Similarly, the consequences of the contravening conduct should be assessed not simply having regard to the loss or damage caused, but also the degree of market power of Baxter, and its size, and the extent to which it profited or may have profited from the contravening conduct.

His Honour found that it was plain that Baxter's relatively high item-by-item bids were intended to secure acceptance of their bundled bids for SF products and PD products. They were meant to convey the message that favourable prices for SF products in the bundled bids were conditional upon acceptance of the bundled proposal, and that it would be uneconomic for any of the states separately to acquire the SF products from Baxter.

The effect of the contravening conduct was to put other competitors in the PD products market out of the opportunity to fully participate in that market, or to secure any significant share of that market, during the period of the respective contracts (ranging from four years to six years).
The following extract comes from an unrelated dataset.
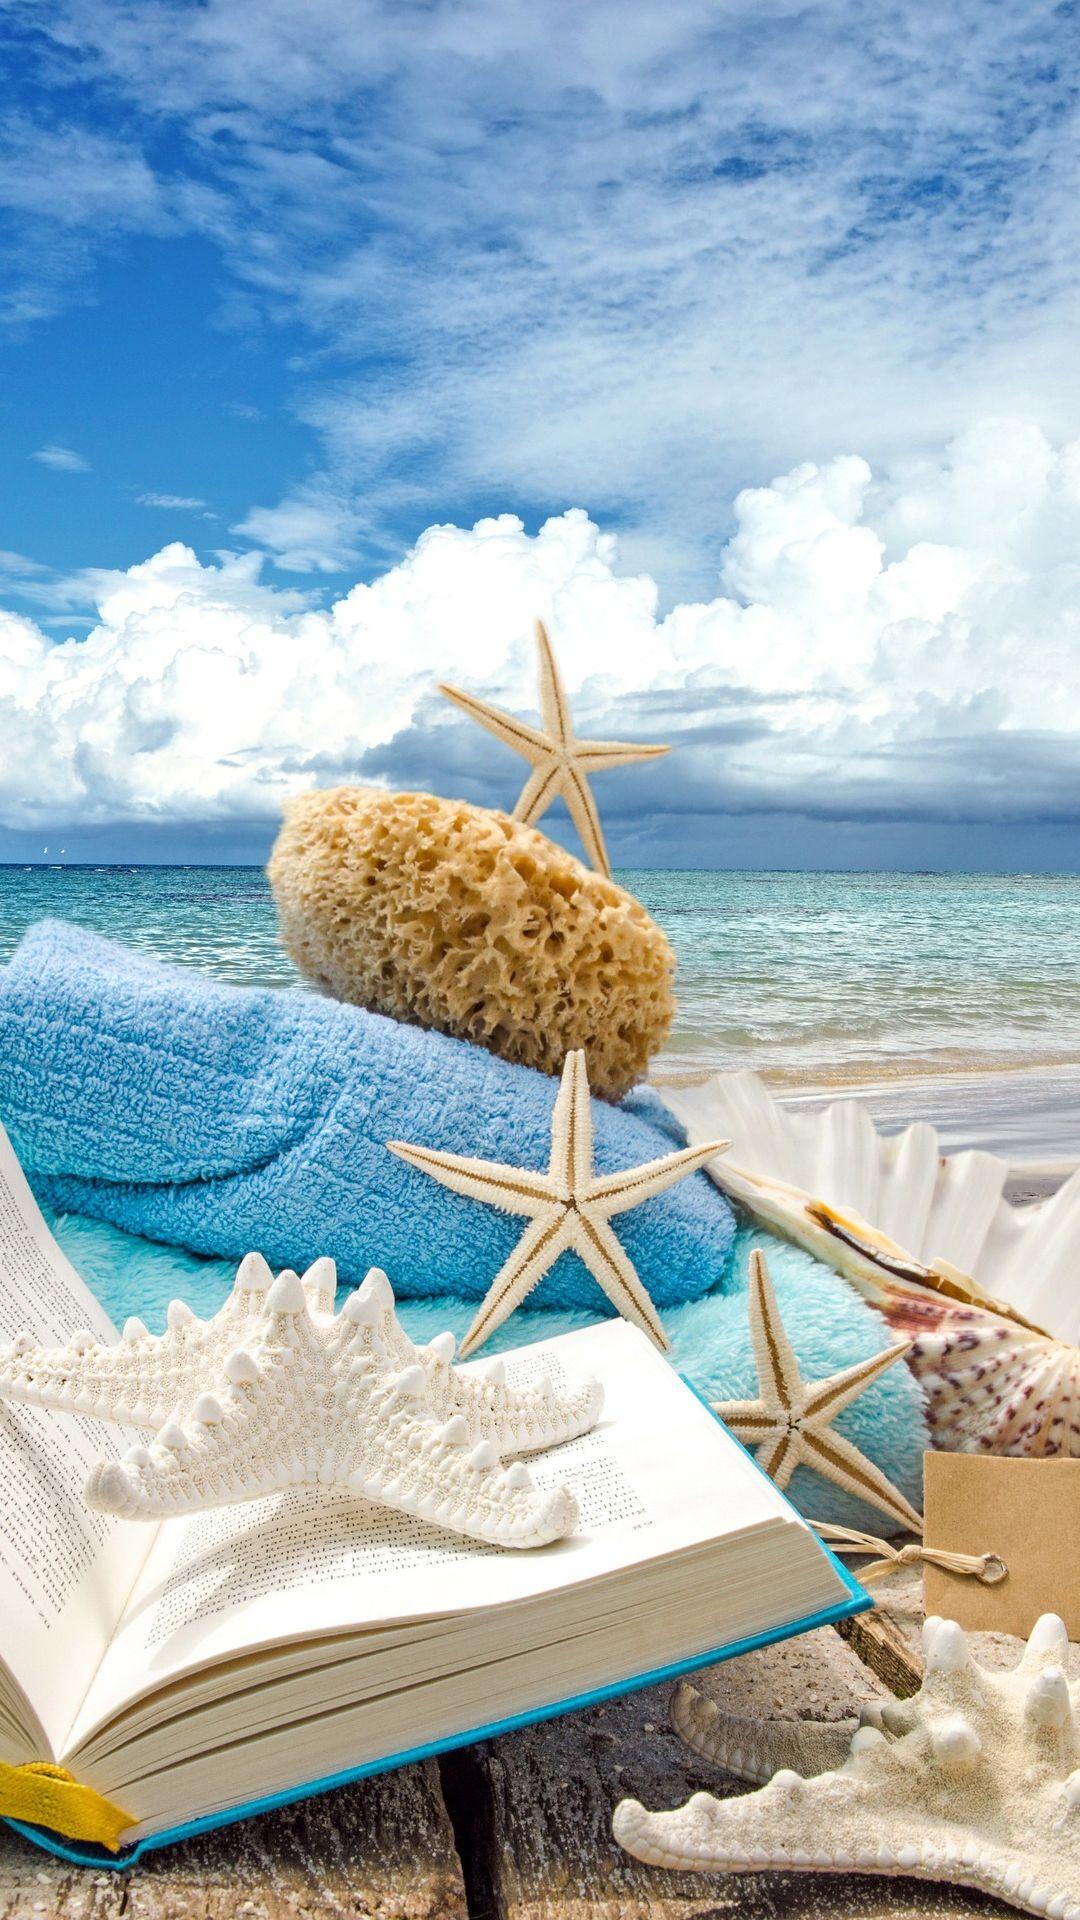 Best Of Free Wallpaper Summer Beach | The Most Beautiful Beach …

While his Honour did accept that Baxter's purpose in engaging in the impugned conduct was not directly to cause any of its competitors to drop out of the PD products market, or to prevent or hinder those competitors from tendering for the contracts, its purpose was to engage in the contravening conduct to secure agreements for a lengthy period of time for the almost exclusive supply of PD products to the states and so to hold and secure its market share.

His Honour ordered Baxter to pay $4.9 million, both as a significant signal to the community that those engaging in such conduct as has been found against Baxter will be vulnerable to very significant pecuniary penalties, and to impress upon Baxter the consequences of its contravening conduct, so that it is discouraged from engaging in that conduct in the future.


This matter highlights a number of issues relating to both private sector and government procurement, particularly in relation to the potential for anti-competitive conduct in a tender process to amount to a breach of the TPA. This can be done, as it was here, by bundling, but other possible examples may include market sharing, price-fixing agreements, exclusive dealing, collusive conduct, third-line forcing and bid rigging. As seen in this case, this can have considerable financial consequences on the contravening party.

As the doctrine of derivative Crown immunity has been substantially qualified by this case, businesses engaging in procurement activities with government entities need to be vigilant to ensure compliance with the TPA (and equivalent state Fair Trading Acts) and, in particular, businesses should give careful consideration to the implications of offering discounts for the supply of products on an exclusive basis.